The researchers found that mouse embryonic stem cells were softer and much more sensitive to localized cyclic forces than their more advanced, differentiated counterparts.

"As stem cells differentiate, they become stiffer," said Wang, who is affiliated with the university's Beckman Institute, Micro and Nanotechnology Laboratory, and department of bioengineering. "The stiffer the stem cell, the less it spreads under stress."

The researchers obtained the same results when they applied cyclic forces to stiff human muscle cells. They did not experiment with human embryonic stem cells.

To study some of the long-term effects of localized mechanical forces on the behavior of mouse embryonic stem cells, the researchers utilized the expression of an enhanced green fluorescent gene. Cells expressing this gene glow fluorescent green when exposed to blue light.

As the mechanical force was applied in the researchers' experiments, the green fluorescence in cells with magnetic beads faded, indicating reduced gene expression. Control cells (without beads) a few microns away continued to glow.

"The softness of mouse embryonic stem cells makes them very sensitive to localized cyclic forces," Wang said. "If our findings can be extended to early animal embryos, they could provide a new way of locally differentiating a single cell of early lineage, while leaving nearby cells alone."

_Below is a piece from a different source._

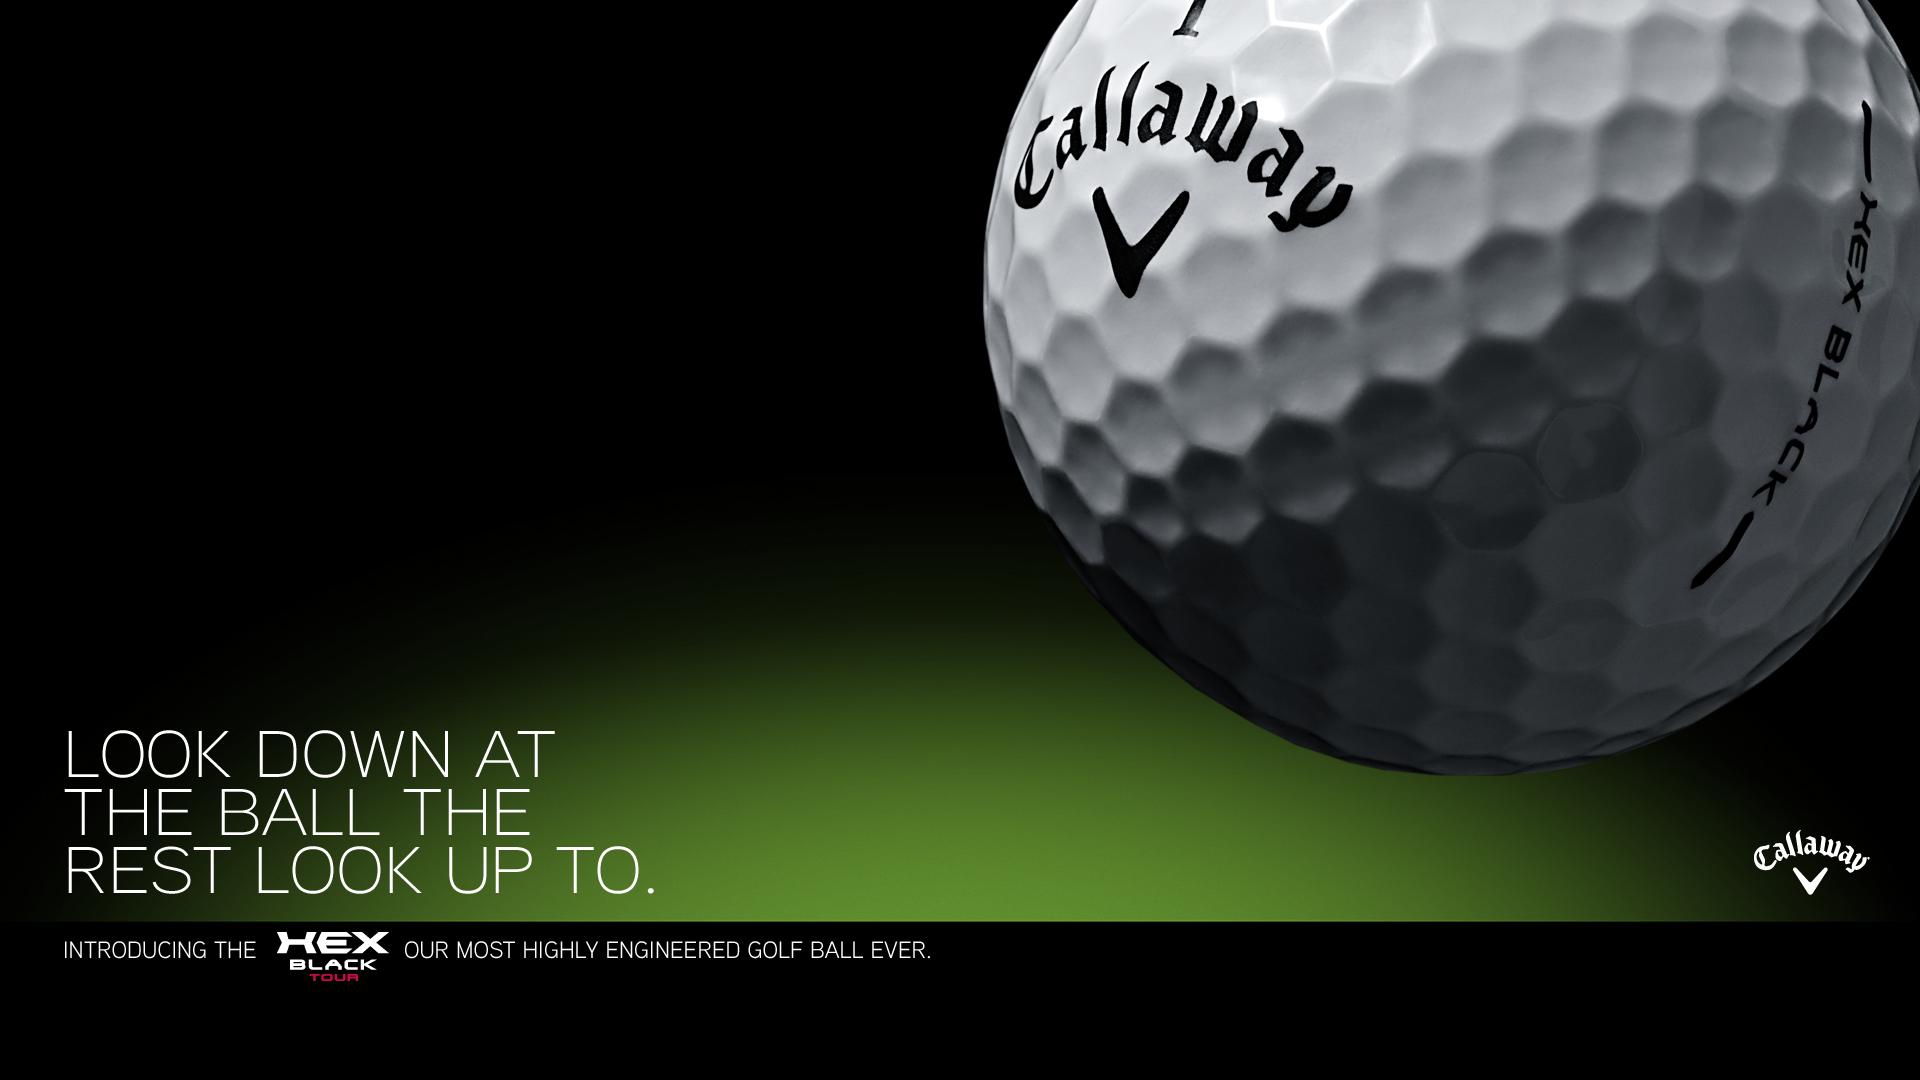 Golf Ball Wallpapers HD PixelsTalk Backgrounds Wallpaper 1920x1080

With Wang, co-authors of the paper are graduate student and lead author Farhan Chowdhury, postdoctoral research associates Sungsoo Na (now an assistant professor at Indiana University) and Dong Li, graduate student Yeh-Chuin Poh, animal sciences professor Tetsuya S. Tanaka, and cell and developmental biology professor Fei Wang.

The work was funded by the National Institutes of Health, the U.S. Department of Agriculture, and the University of Illinois.